Ben
Location:

220 E Chicago Ave
Chicago, IL 60611

Located Within: Seneca Park
Artist: Deborah Butterfield
Year Created: 1989
Installed: 1990
Features: Outdoor, Sculpture

 

Description

A gift of the Eli M. Schulman Playground Reconstruction Committee, Ben was installed in Seneca Park in 1990. Deborah Butterfield (b. 1949), an artist who specializes in horses, created the bronze sculpture. Although she had been interested in horses since childhood, Butterfield became inspired to use them as her primary subject in the early 1970s, while attending University of California, Davis. At that time, the artist had the chance to live rent-free on a thoroughbred farm in exchange for taking care of the horses, and she felt that it was an offer she could not refuse.
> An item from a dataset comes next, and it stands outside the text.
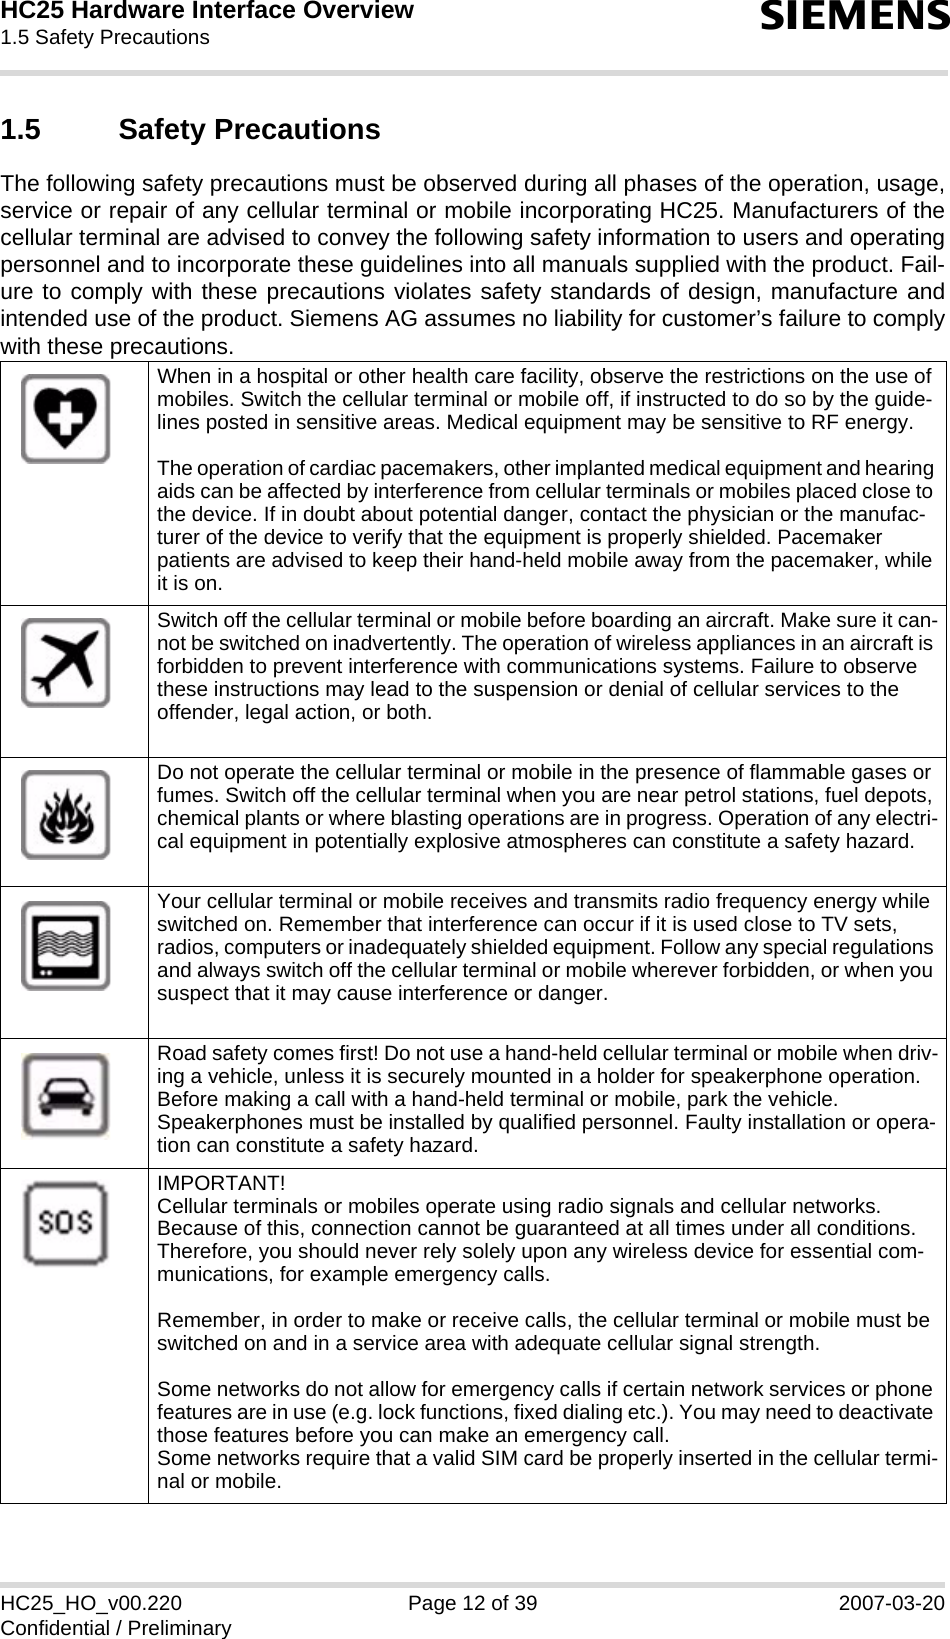 HC25 Hardware Interface Overview1.5 Safety Precautions12sHC25_HO_v00.220 Page 12 of 39 2007-03-20Confidential / Preliminary1.5 Safety PrecautionsThe following safety precautions must be observed during all phases of the operation, usage,service or repair of any cellular terminal or mobile incorporating HC25. Manufacturers of thecellular terminal are advised to convey the following safety information to users and operatingpersonnel and to incorporate these guidelines into all manuals supplied with the product. Fail-ure to comply with these precautions violates safety standards of design, manufacture andintended use of the product. Siemens AG assumes no liability for customer’s failure to complywith these precautions.When in a hospital or other health care facility, observe the restrictions on the use of mobiles. Switch the cellular terminal or mobile off, if instructed to do so by the guide-lines posted in sensitive areas. Medical equipment may be sensitive to RF energy.The operation of cardiac pacemakers, other implanted medical equipment and hearing aids can be affected by interference from cellular terminals or mobiles placed close to the device. If in doubt about potential danger, contact the physician or the manufac-turer of the device to verify that the equipment is properly shielded. Pacemaker patients are advised to keep their hand-held mobile away from the pacemaker, while it is on. Switch off the cellular terminal or mobile before boarding an aircraft. Make sure it can-not be switched on inadvertently. The operation of wireless appliances in an aircraft is forbidden to prevent interference with communications systems. Failure to observe these instructions may lead to the suspension or denial of cellular services to the offender, legal action, or both.Do not operate the cellular terminal or mobile in the presence of flammable gases or fumes. Switch off the cellular terminal when you are near petrol stations, fuel depots, chemical plants or where blasting operations are in progress. Operation of any electri-cal equipment in potentially explosive atmospheres can constitute a safety hazard.Your cellular terminal or mobile receives and transmits radio frequency energy while switched on. Remember that interference can occur if it is used close to TV sets, radios, computers or inadequately shielded equipment. Follow any special regulations and always switch off the cellular terminal or mobile wherever forbidden, or when you suspect that it may cause interference or danger.Road safety comes first! Do not use a hand-held cellular terminal or mobile when driv-ing a vehicle, unless it is securely mounted in a holder for speakerphone operation. Before making a call with a hand-held terminal or mobile, park the vehicle. Speakerphones must be installed by qualified personnel. Faulty installation or opera-tion can constitute a safety hazard.IMPORTANT!Cellular terminals or mobiles operate using radio signals and cellular networks. Because of this, connection cannot be guaranteed at all times under all conditions. Therefore, you should never rely solely upon any wireless device for essential com-munications, for example emergency calls. Remember, in order to make or receive calls, the cellular terminal or mobile must be switched on and in a service area with adequate cellular signal strength. Some networks do not allow for emergency calls if certain network services or phone features are in use (e.g. lock functions, fixed dialing etc.). You may need to deactivate those features before you can make an emergency call.Some networks require that a valid SIM card be properly inserted in the cellular termi-nal or mobile.

Butterfield says, “I had been teased for drawing horses my whole life so I had sworn them off, but then there I was right back into it. [Then] I did some other animals before I got brave and did my first horses. They were big plaster mares that were naturalistic looking.” Today, her horse sculptures are included in major collections throughout the country including the Smithsonian Institution’s Hirshhorn Museum, the Museum of Contemporary Art in Los Angeles, and the Museum of Contemporary Art of Chicago.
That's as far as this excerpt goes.